## The data

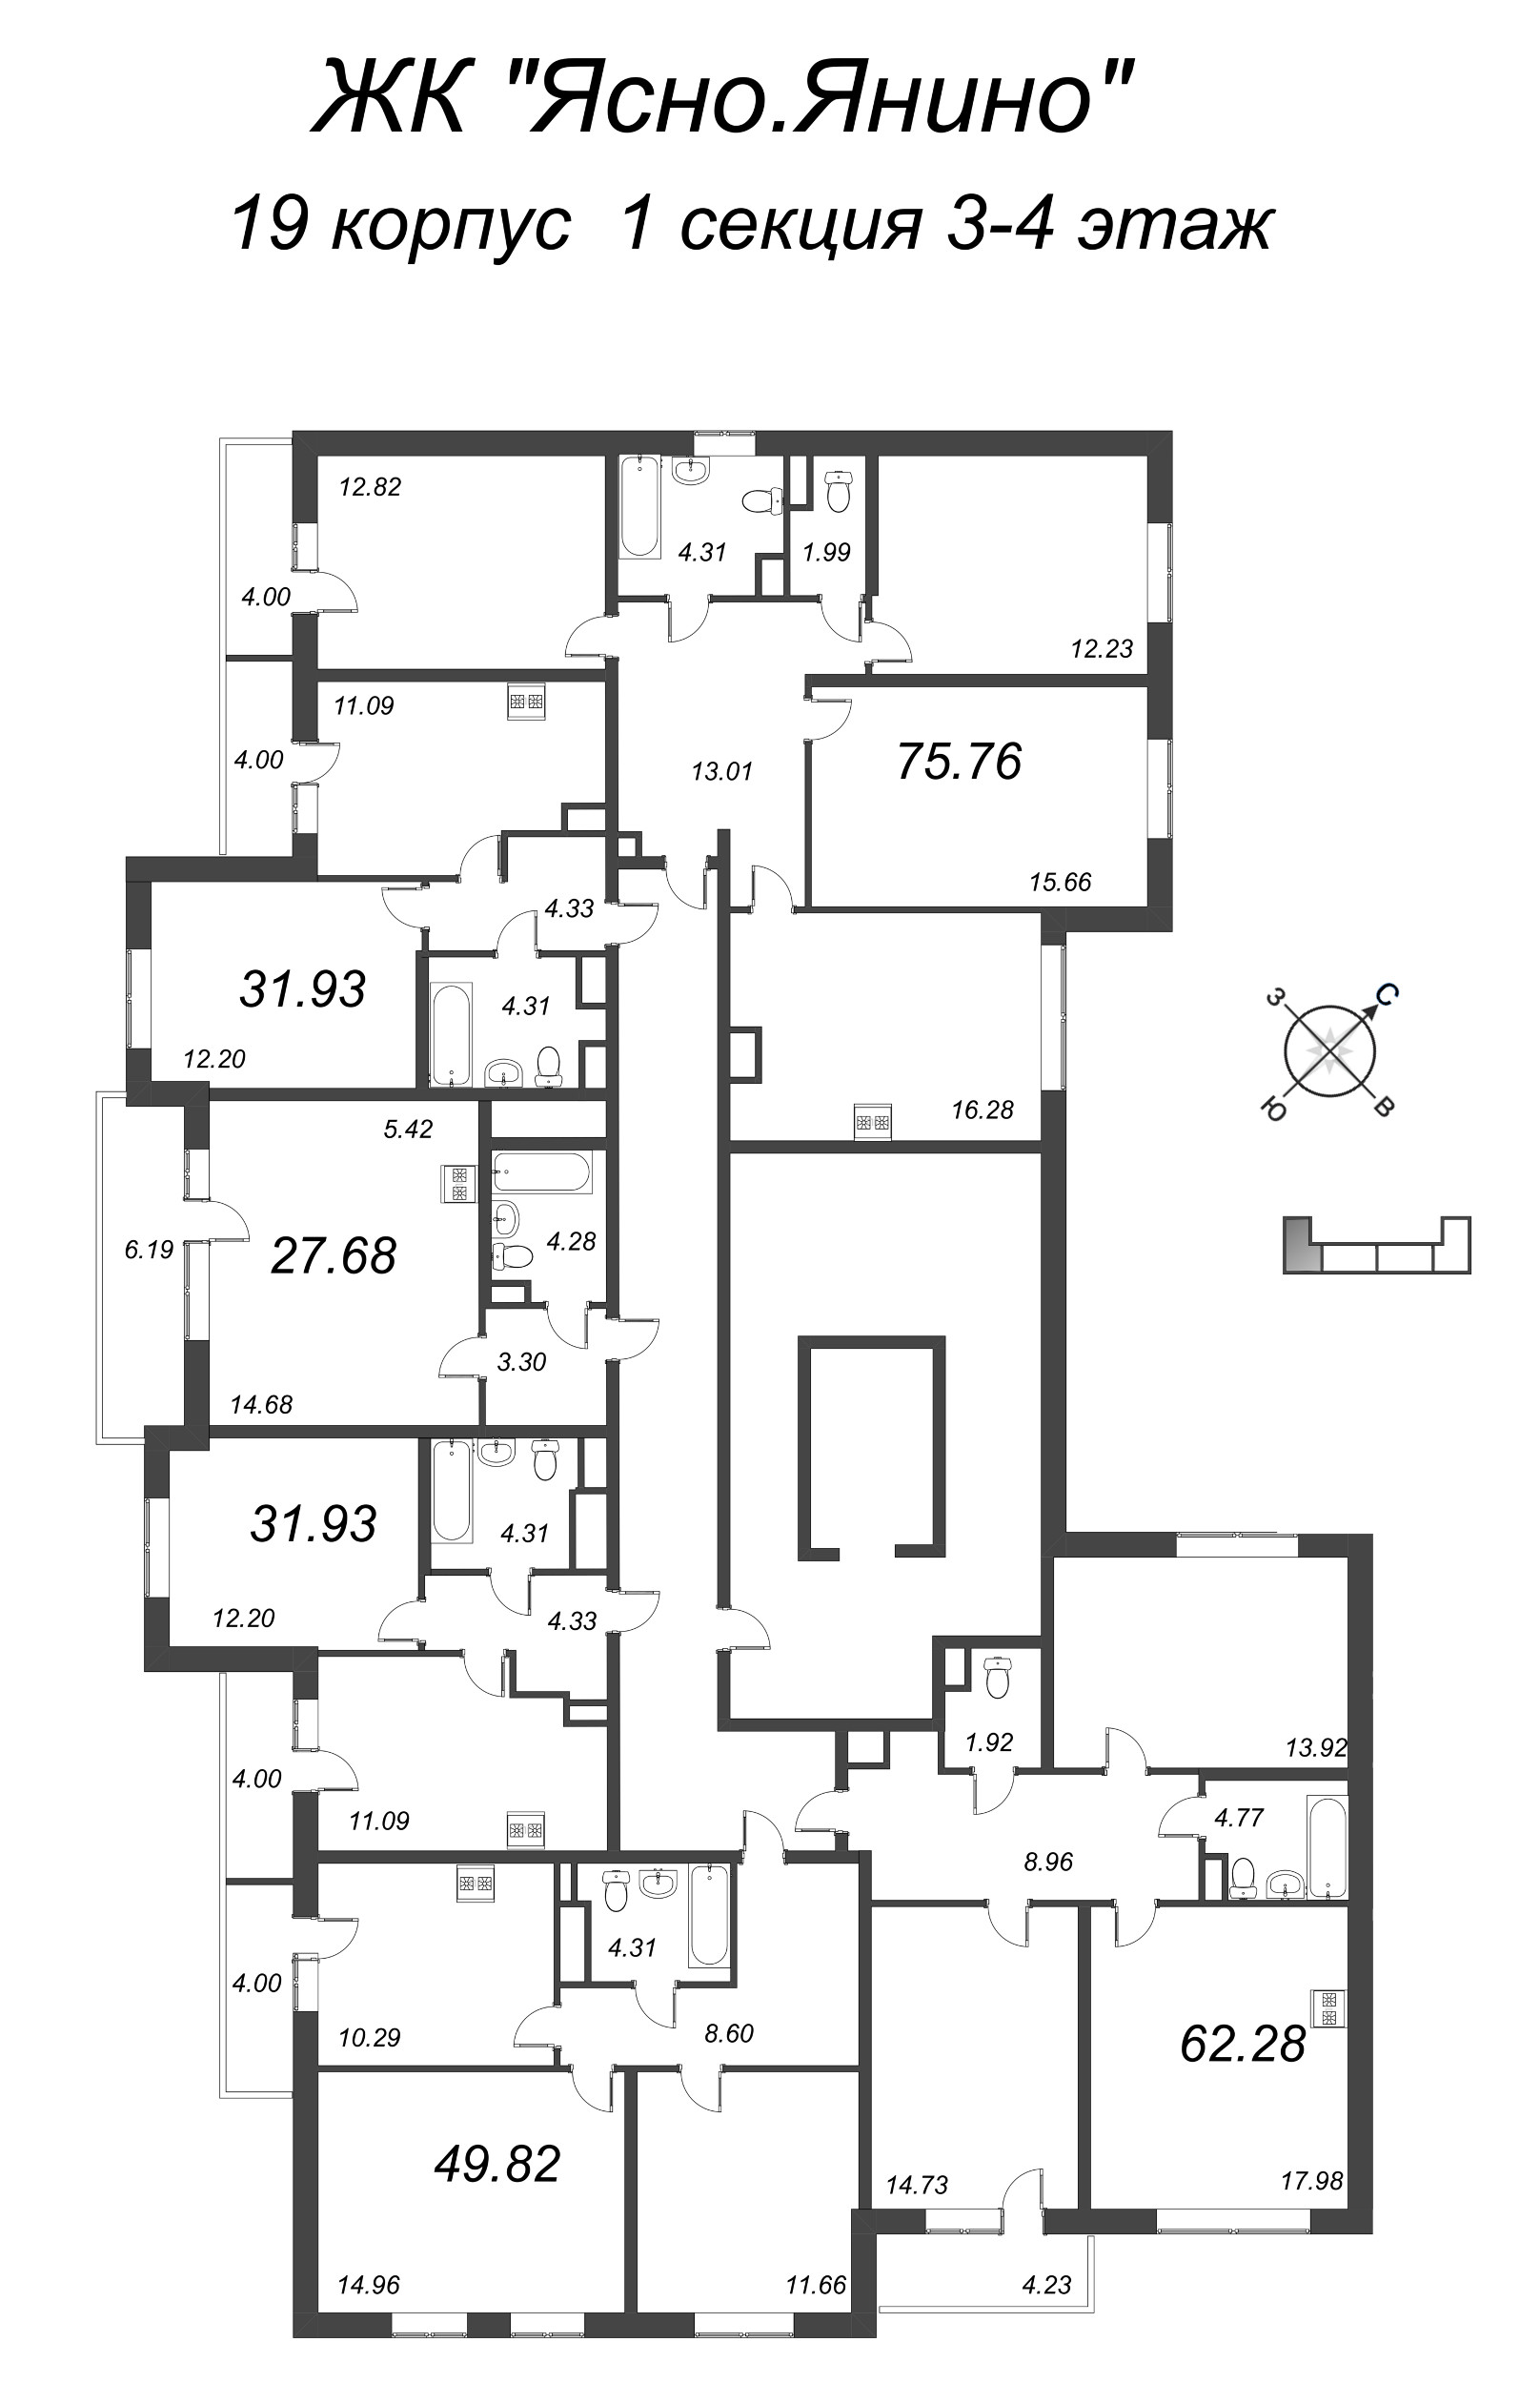 4-комнатная (Евро) квартира, 75.76 м² - планировка этажа
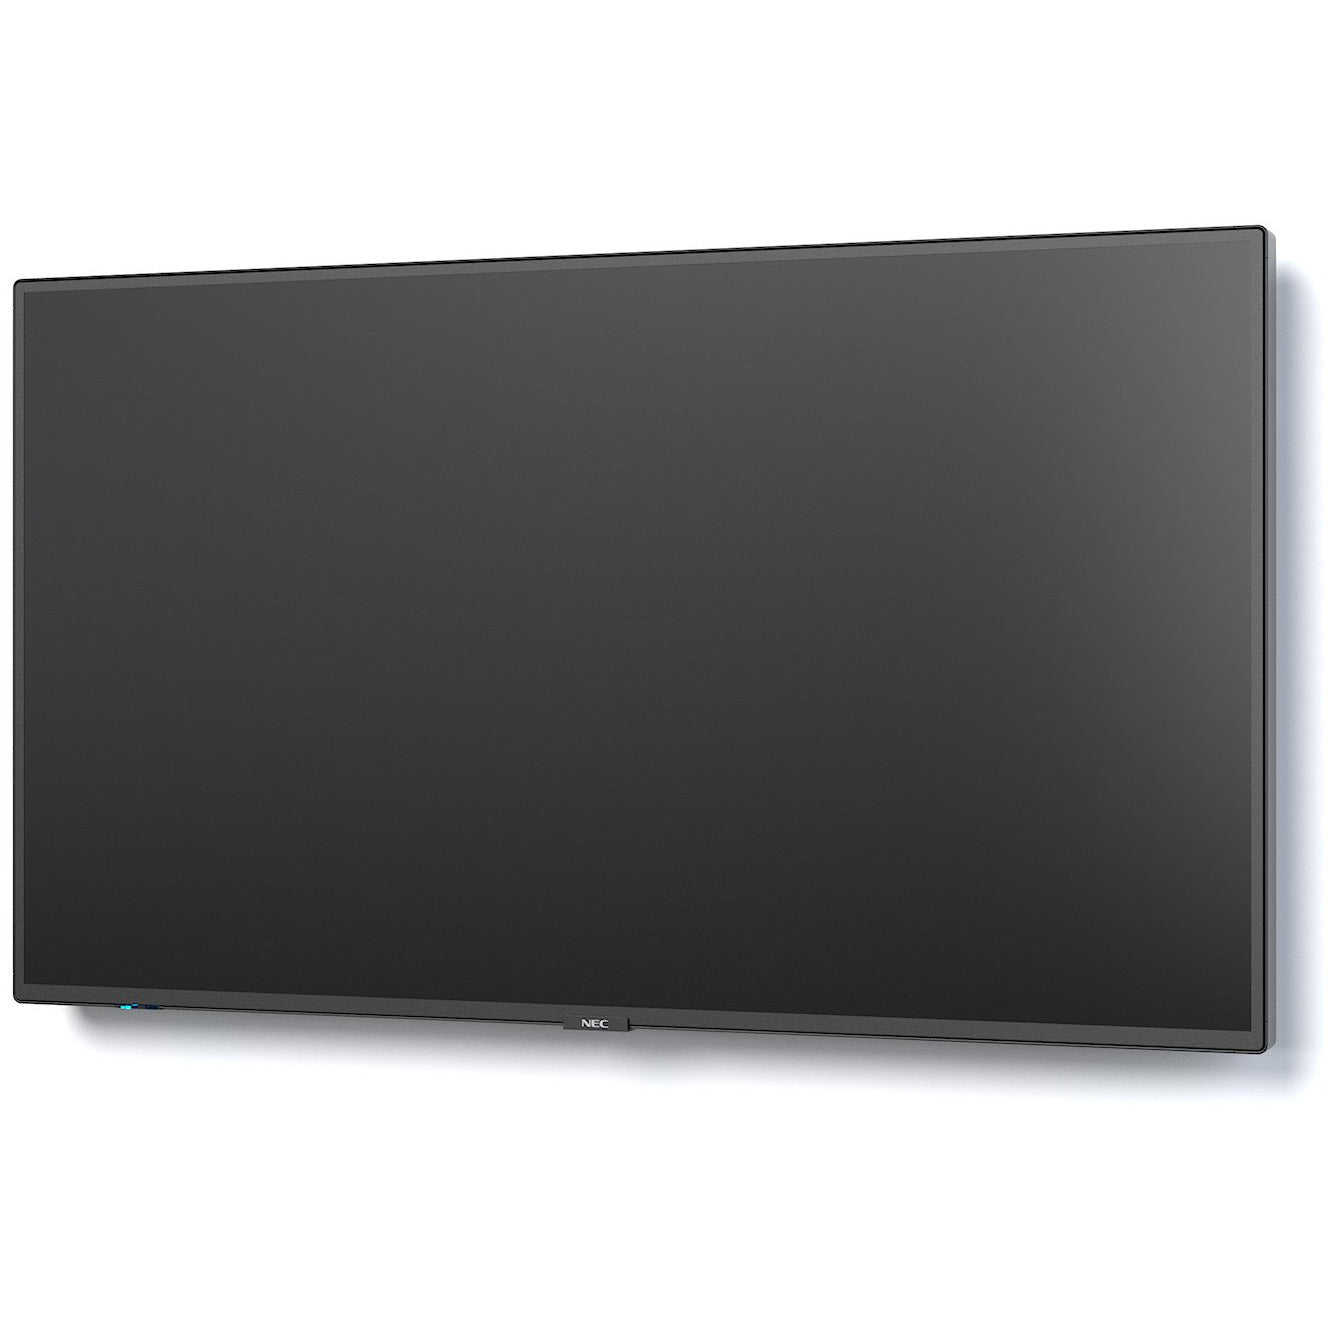 NEC MultiSync® M431-MPi4 LCD 43" Midrange Large Format Display (incl. NEC MediaPlayer)
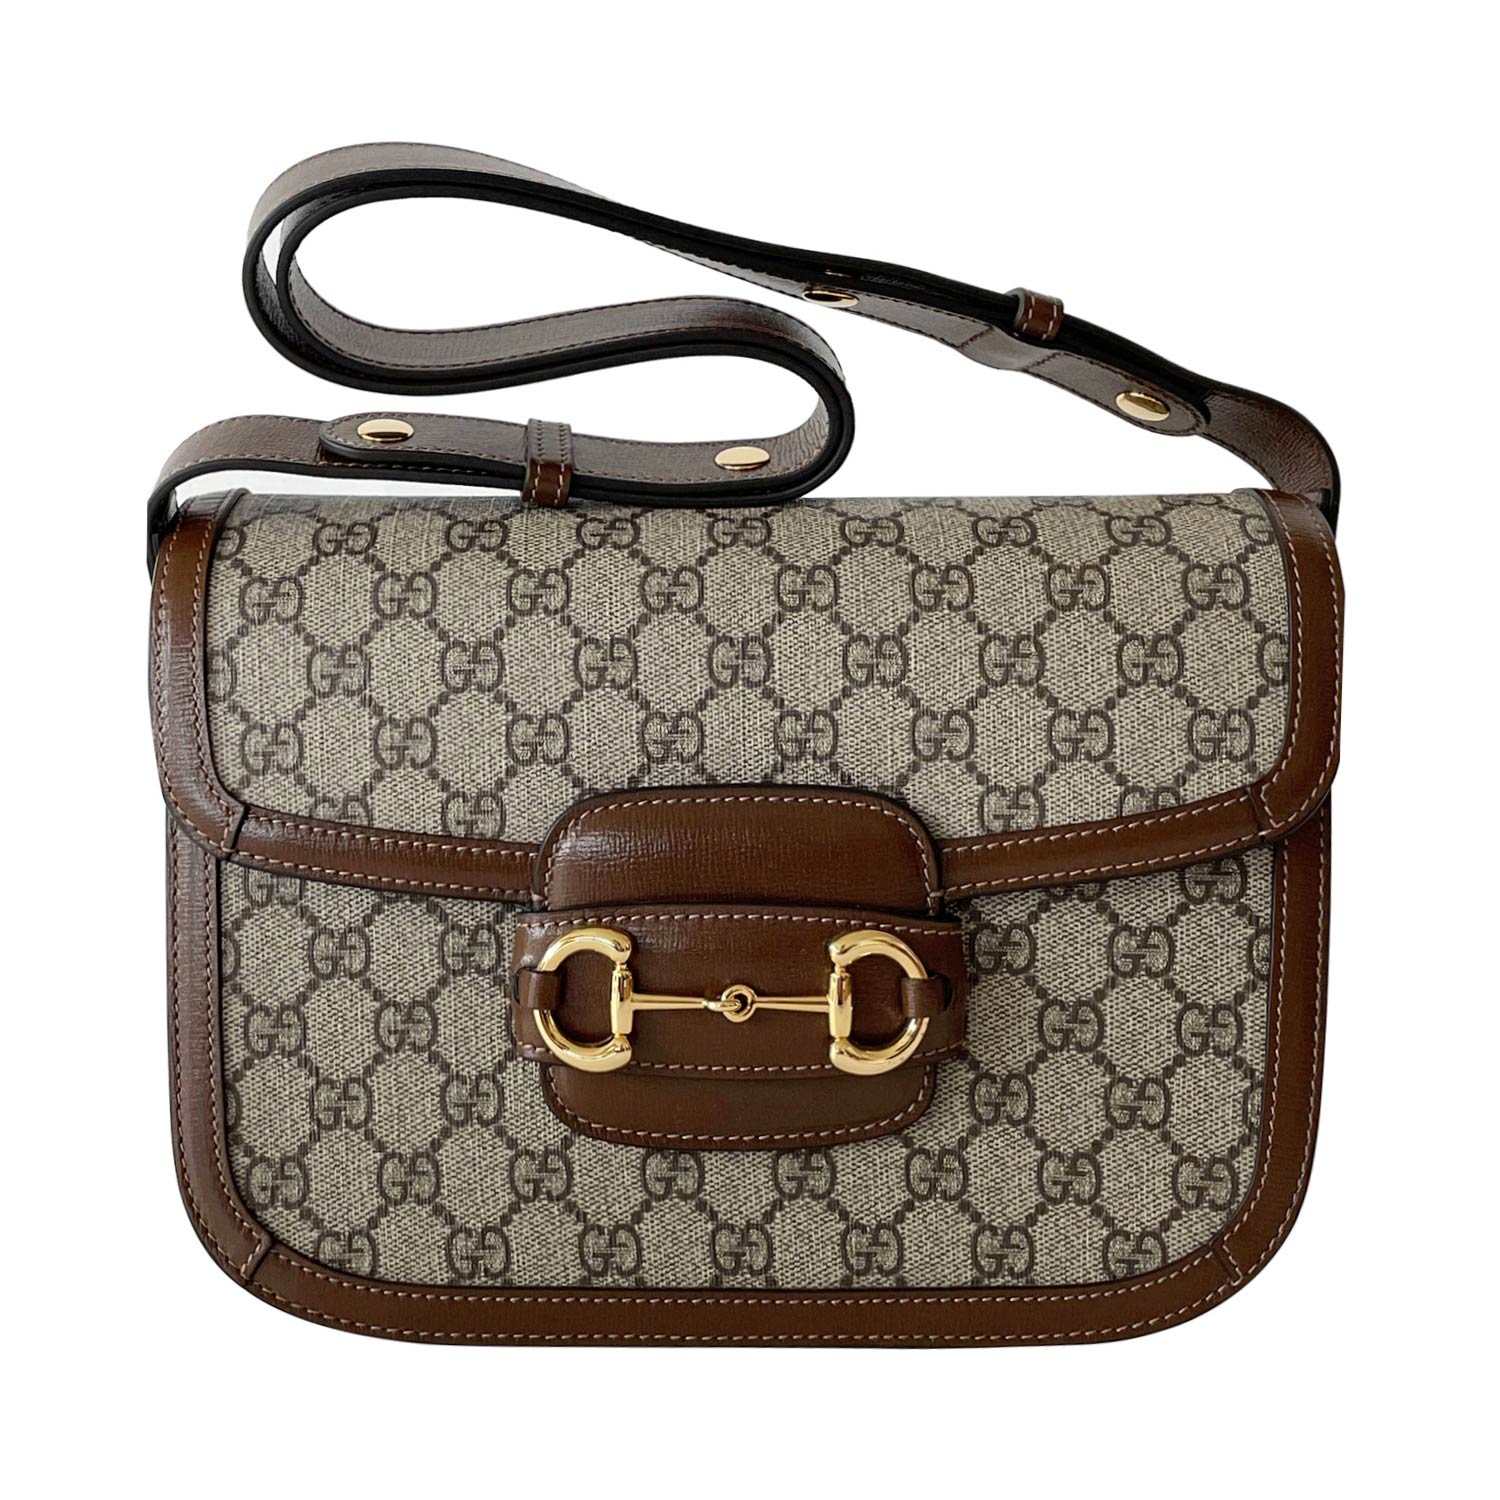 Gucci online exclusive preview Gucci 1955 horsebit bag supreme shoulder bag  602204  Shoulder bag Bags Street style bags

## Goal of the exercise
When you reach a picture, pass over it; write out all other material exactly.

## Solution for this task
 4-комнатная (Евро) квартира, 75.76 м² - планировка этажа
 NEC MultiSync® M431-MPi4 LCD 43" Midrange Large Format Display (incl. NEC MediaPlayer)
 Gucci online exclusive preview Gucci 1955 horsebit bag supreme shoulder bag  602204  Shoulder bag Bags Street style bags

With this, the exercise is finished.